For a property to make sense as a relation between two items, the object item must logically conform to a rdfs:Class within that property's rdfs:range.

Makes sense

Questionable

Doesn't make sense

Properties without rdfs:range

patrickmj commented 12 years ago

The lists bring up a nifty set of implications when we think about the inferences. It seems like we are implicitly imagining an Omeka ontology, where we would have an omeka:Item class for our Items. Then we'd also be saying that the dcterms classes are subClasses of omeka:Item. If we include the dcterms:creator property between two items, then the object Item is a dcterms:Creator. None of that is actually exposed as RDF to a machine reasoner and the Omeka Ontology doesn't actually exist (yet!), but it seems like that'd be the implication.

But, if we also go with the idea that an item in Omeka can be anything, then it seems like there's no reason to leave out any of the dcterms classes. If items are wide open, it's hard to find clear reasons why some classes are questionable and others not. For example, both dcterms:LicenseDocument and dcterms:PolicyStatement look to me like subclasses of foaf:Document (though admittedly they don't make that assertion). If one can be an Item, why not the other?

And so, I'd vote for including everything in the questionable category.

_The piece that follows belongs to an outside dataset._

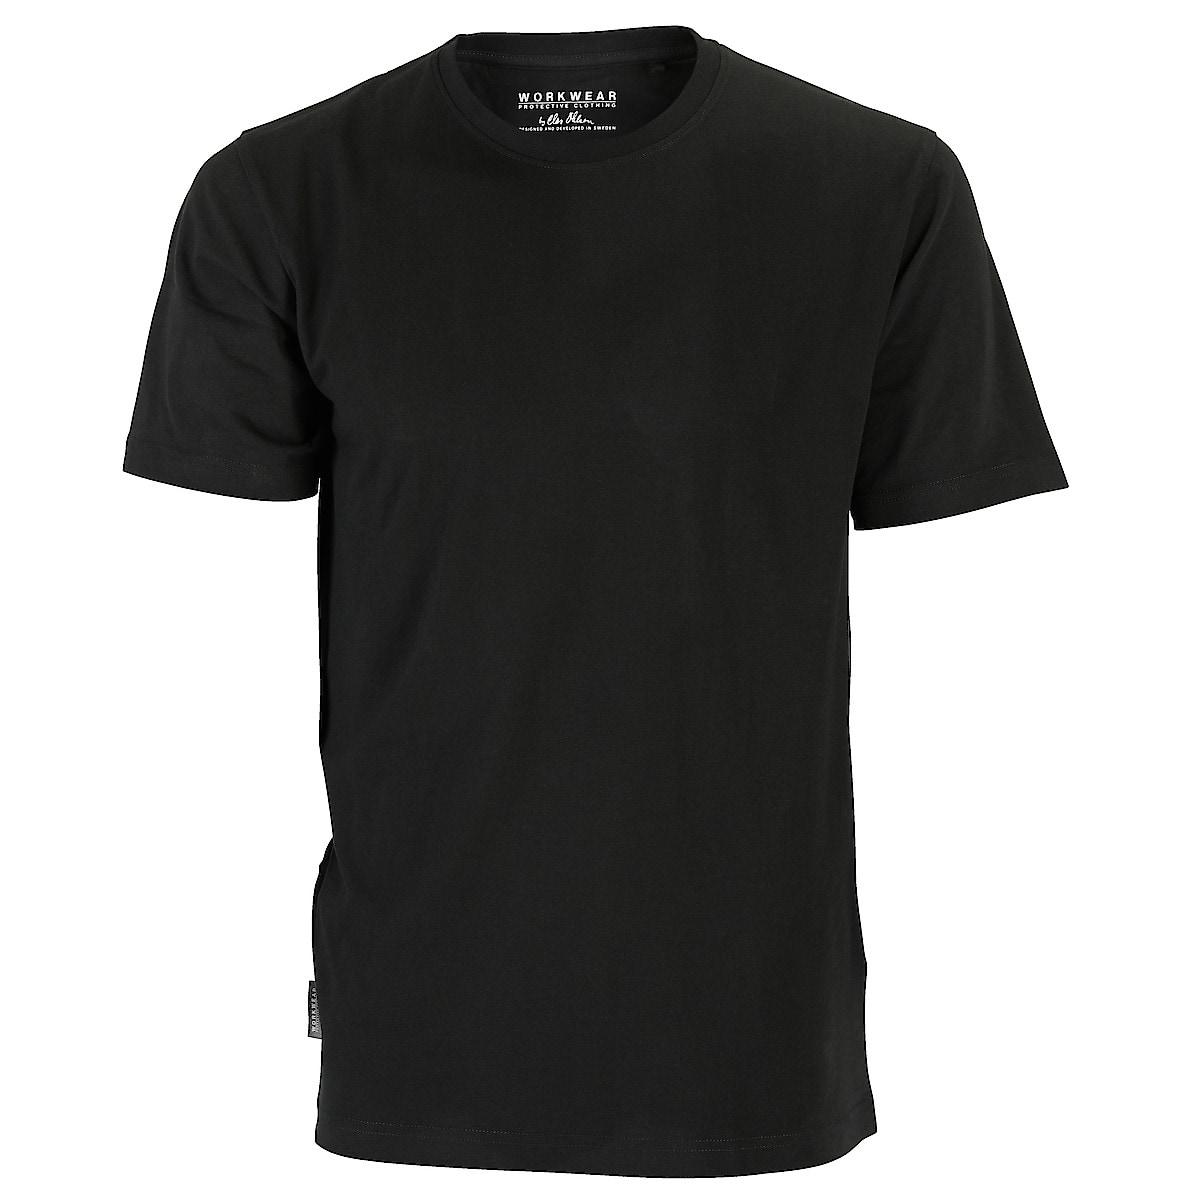 T-shirt herr svart

I feel a little itchy about it, but this also implies that the only thing that should be excluded from the doesn't make sense category is Literal. Frequency and SizeOrDuration do seem weird to me, but no more weird than how we handle Dublin Core elsewhere, and consistency with above seems to require it. Class is weird in a different way, since it's specifically an abstraction, whereas most of the time we think of items as concrete things, but the utility of using dcterms:type makes me think that if people want to make an abstraction an item, why not?

I think most, if not all, of the properties without a range are already in the list of relations, but if any aren't I'd include those as well. The reasoning being that, if DC is silent about the range, no reason for us to build in a restriction. Most lend themselves very easily to item->item predicates, but even non-intuitive ones like dcterms:description, I can imagine use cases for.

If we do take a more restrictive approach, though, dcterms:instructionalMethod should definitely be there, since dcterms:MethodOfInstruction seems close enough to our Lesson Plan item type.

jimsafley commented 12 years ago

After some discussion about the nature of omeka:Item, we concluded that we should add every property in the dcterms namespace, save for those with range rdfs:Literal.